*Required action*
Copy, from the data below, every line that has "with" in it.

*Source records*
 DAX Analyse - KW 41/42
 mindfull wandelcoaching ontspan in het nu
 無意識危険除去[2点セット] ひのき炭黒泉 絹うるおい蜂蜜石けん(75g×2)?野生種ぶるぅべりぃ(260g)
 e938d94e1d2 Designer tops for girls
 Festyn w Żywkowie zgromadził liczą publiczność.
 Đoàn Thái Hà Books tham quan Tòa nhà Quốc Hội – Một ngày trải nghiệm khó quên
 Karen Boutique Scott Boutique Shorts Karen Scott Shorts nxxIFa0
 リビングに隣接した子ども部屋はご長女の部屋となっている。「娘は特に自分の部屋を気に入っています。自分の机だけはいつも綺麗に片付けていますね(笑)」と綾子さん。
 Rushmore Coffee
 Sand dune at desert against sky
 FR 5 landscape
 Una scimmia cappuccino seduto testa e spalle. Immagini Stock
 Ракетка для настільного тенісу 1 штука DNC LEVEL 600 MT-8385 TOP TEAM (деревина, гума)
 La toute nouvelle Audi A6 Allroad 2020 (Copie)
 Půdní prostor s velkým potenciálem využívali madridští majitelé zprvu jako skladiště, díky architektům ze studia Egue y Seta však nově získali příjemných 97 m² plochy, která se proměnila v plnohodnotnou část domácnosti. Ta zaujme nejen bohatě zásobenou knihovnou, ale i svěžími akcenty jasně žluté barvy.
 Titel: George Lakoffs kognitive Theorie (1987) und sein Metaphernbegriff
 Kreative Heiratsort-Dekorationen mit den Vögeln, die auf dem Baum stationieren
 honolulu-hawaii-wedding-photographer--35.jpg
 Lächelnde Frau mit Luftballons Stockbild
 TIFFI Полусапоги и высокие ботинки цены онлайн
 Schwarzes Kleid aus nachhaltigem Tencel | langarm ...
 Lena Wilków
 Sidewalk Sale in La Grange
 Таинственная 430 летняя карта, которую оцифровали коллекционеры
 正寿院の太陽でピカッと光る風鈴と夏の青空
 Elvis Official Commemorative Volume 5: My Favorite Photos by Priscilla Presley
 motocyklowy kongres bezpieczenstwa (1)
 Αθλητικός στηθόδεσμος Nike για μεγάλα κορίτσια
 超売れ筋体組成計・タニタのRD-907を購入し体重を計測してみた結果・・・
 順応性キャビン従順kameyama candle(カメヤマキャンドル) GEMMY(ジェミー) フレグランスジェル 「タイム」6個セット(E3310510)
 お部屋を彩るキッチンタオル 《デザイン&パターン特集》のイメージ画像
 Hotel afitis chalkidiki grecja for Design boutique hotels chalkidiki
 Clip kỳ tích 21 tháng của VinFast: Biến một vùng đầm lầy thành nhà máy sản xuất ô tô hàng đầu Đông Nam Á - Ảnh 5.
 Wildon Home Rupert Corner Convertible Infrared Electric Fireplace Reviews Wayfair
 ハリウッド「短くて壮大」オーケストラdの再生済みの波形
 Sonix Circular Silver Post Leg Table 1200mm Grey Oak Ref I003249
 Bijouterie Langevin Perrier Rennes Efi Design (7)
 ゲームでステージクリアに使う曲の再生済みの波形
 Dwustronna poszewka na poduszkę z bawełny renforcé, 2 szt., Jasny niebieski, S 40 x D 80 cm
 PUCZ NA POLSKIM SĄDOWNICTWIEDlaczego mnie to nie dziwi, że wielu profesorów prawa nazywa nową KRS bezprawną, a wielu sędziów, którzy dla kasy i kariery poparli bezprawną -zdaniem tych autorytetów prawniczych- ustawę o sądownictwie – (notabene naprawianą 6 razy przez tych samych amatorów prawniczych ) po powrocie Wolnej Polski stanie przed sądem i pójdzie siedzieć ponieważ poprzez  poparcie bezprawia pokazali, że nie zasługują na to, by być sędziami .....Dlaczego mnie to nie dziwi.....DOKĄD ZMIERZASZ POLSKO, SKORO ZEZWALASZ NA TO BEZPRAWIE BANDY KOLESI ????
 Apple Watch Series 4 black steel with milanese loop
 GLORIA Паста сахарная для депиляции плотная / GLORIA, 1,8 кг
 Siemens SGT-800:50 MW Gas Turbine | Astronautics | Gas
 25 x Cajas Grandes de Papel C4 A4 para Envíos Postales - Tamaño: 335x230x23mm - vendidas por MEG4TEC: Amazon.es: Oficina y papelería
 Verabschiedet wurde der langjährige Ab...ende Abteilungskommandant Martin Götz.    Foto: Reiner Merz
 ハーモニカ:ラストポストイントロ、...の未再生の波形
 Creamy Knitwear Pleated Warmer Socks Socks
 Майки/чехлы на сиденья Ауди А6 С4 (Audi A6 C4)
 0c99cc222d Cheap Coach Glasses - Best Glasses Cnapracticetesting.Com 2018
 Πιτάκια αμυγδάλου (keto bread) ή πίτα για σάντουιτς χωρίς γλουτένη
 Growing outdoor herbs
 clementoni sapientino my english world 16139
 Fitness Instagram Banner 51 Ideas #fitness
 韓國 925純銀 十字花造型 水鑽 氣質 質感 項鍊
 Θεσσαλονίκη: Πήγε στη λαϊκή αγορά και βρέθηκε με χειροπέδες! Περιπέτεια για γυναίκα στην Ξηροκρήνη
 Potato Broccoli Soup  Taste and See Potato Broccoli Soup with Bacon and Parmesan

*Exercise answer*
 Apple Watch Series 4 black steel with milanese loop
 Potato Broccoli Soup  Taste and See Potato Broccoli Soup with Bacon and Parmesan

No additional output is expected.